The Mercey Brothers were a Canadian country music group active from 1957 to 1989. The brothers were seven-time Juno Award winners for "The Top Country Group" and were inducted into the Canadian Country Music Hall of Fame.

Early life
All three Mercey brothers were born in Hanover, a small town south of Owen Sound, Ontario. Larry Mercey, the eldest of three, was born on December 12, 1939; Ray was born on November 21, 1940, and Lloyd, the youngest, was born on December 12, 1945.

The Mercey family grew up to music in their household at an early age. Larry Mercey sang on the radio station CKNX Barn Dance in 1956, in the neighbouring town of Wingham, Ontario.

Band history

Formation
Larry and Ray formed a country music group in 1957, singing and playing the guitar (Larry) and bass (Ray).  They called their group The Mercey Brothers and patterned their music and their image to resemble the Everly Brothers, a harmony duo popular in the United States at the time.

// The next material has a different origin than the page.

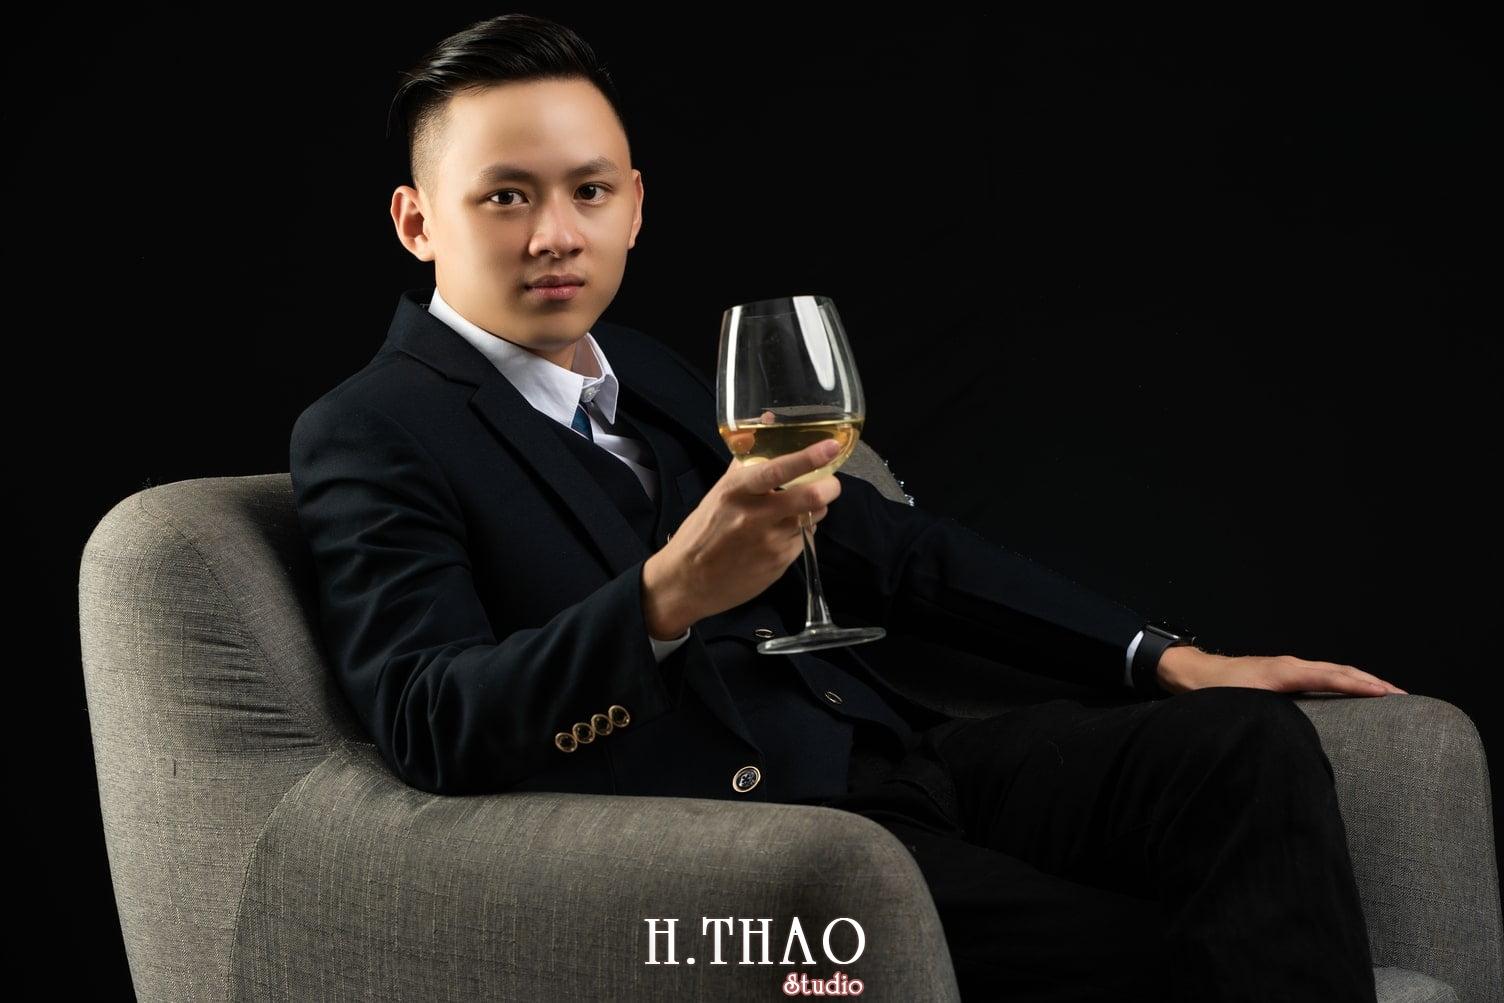 Anh Doanh nhan 3 1 - Tổng hợp album ảnh profile bác sĩ, luật sư, tài chính – HThao Studio
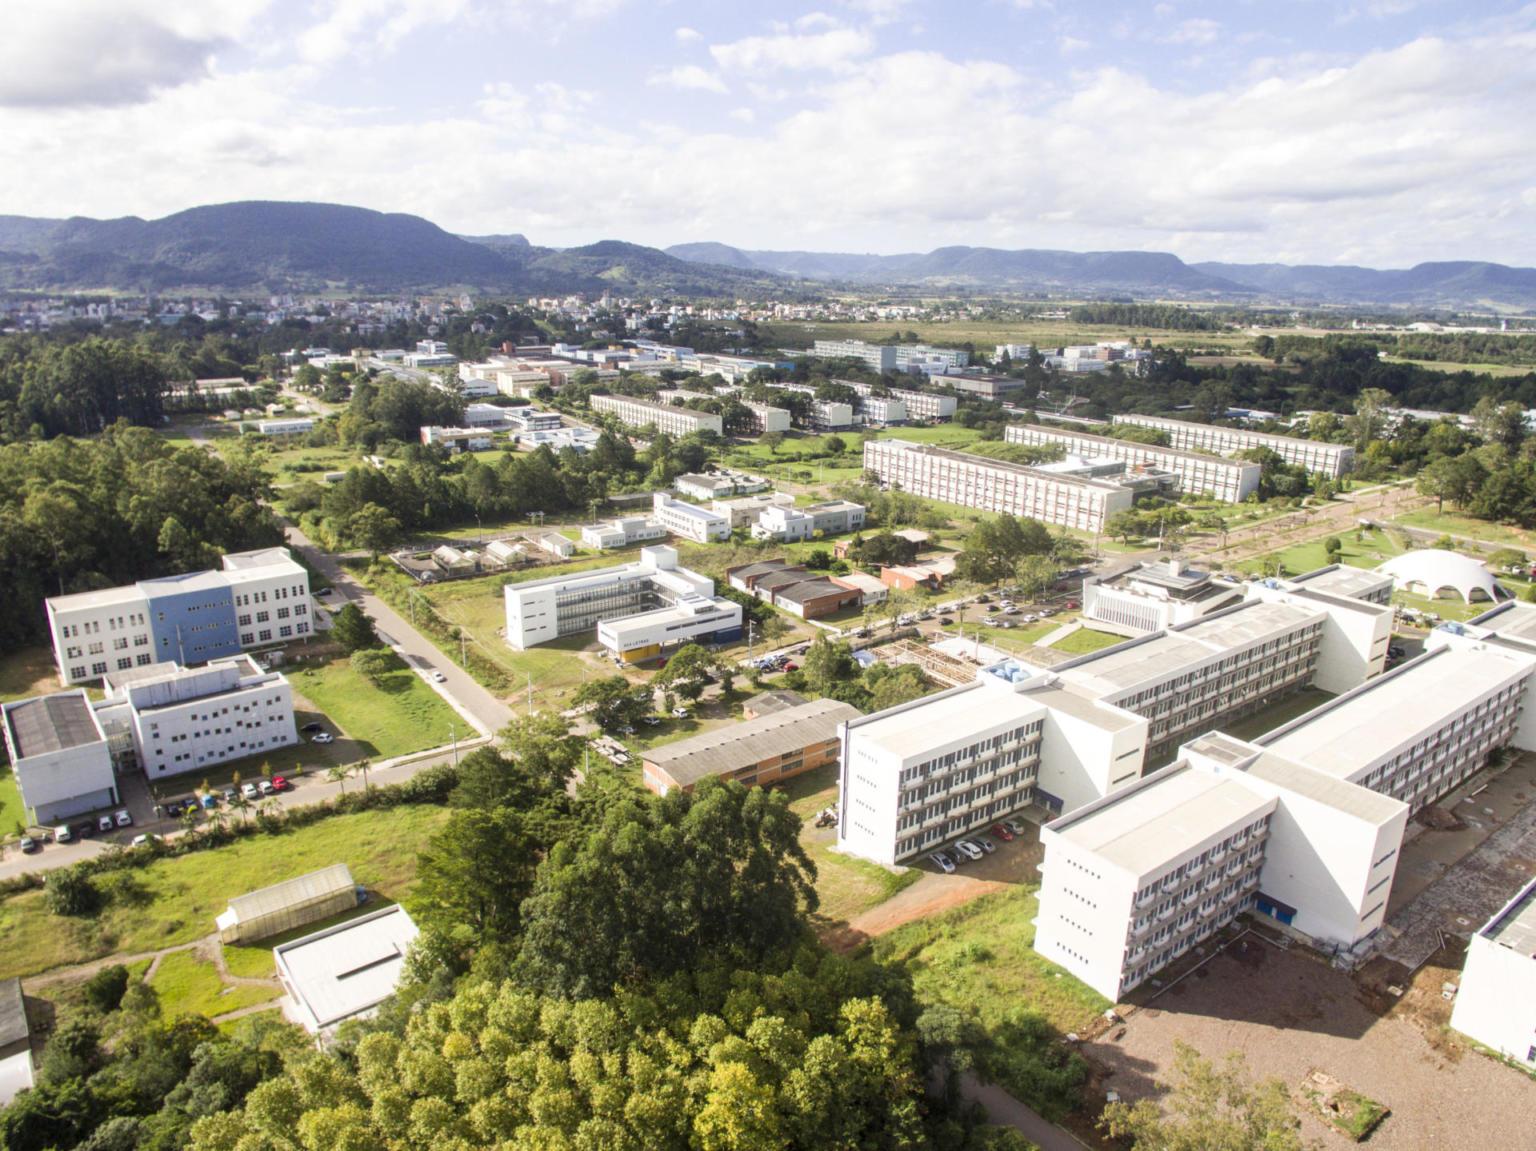 Vista aérea de diversos prédios do campus em meio à área verde

Larry and Ray placed second in CBC Television's Talent Caravan in 1960 and later went on to sign with Chateau Records in 1961. They made their first chart appearance with "Just the Snap of Your Fingers" that same year.

Trio
Lloyd Mercey joined the group as a singer and drummer in 1966 when he was twenty years old, and together they called themselves The Mercey Brothers.  After signing with Columbia Records, they released four RPM chart-topping singles, including "Whistling on the River". In 1968, they released the singles "Uncle Tom", "What’s a Guy to Do?", and "The Great Snowman" under their self-titled album The Mercey Brothers.

Singles "Who Drinks My Beer When I’m Gone" and "Ordinary Peeping Tom" came out under albums titled My Song For You (Columbia) and The Mercey Brothers (Harmony) in 1969.

The Mercey Brothers signed with RCA Records in 1970 and released a string of singles which received radio play. At the 1970 Juno Awards, they were named "Best Country Group or Duo". They went on to win this award for the next four years in a row (1970–1974), and again in 1976.

In 1971, The Mercey Brothers toured England for the first time and made an appearance on BBC television. Their hit singles on the RCA album Have Mercey, were "Hello Mom" and "Who Wrote the Words". They also hosted a television show, The Mercey Brothers Show.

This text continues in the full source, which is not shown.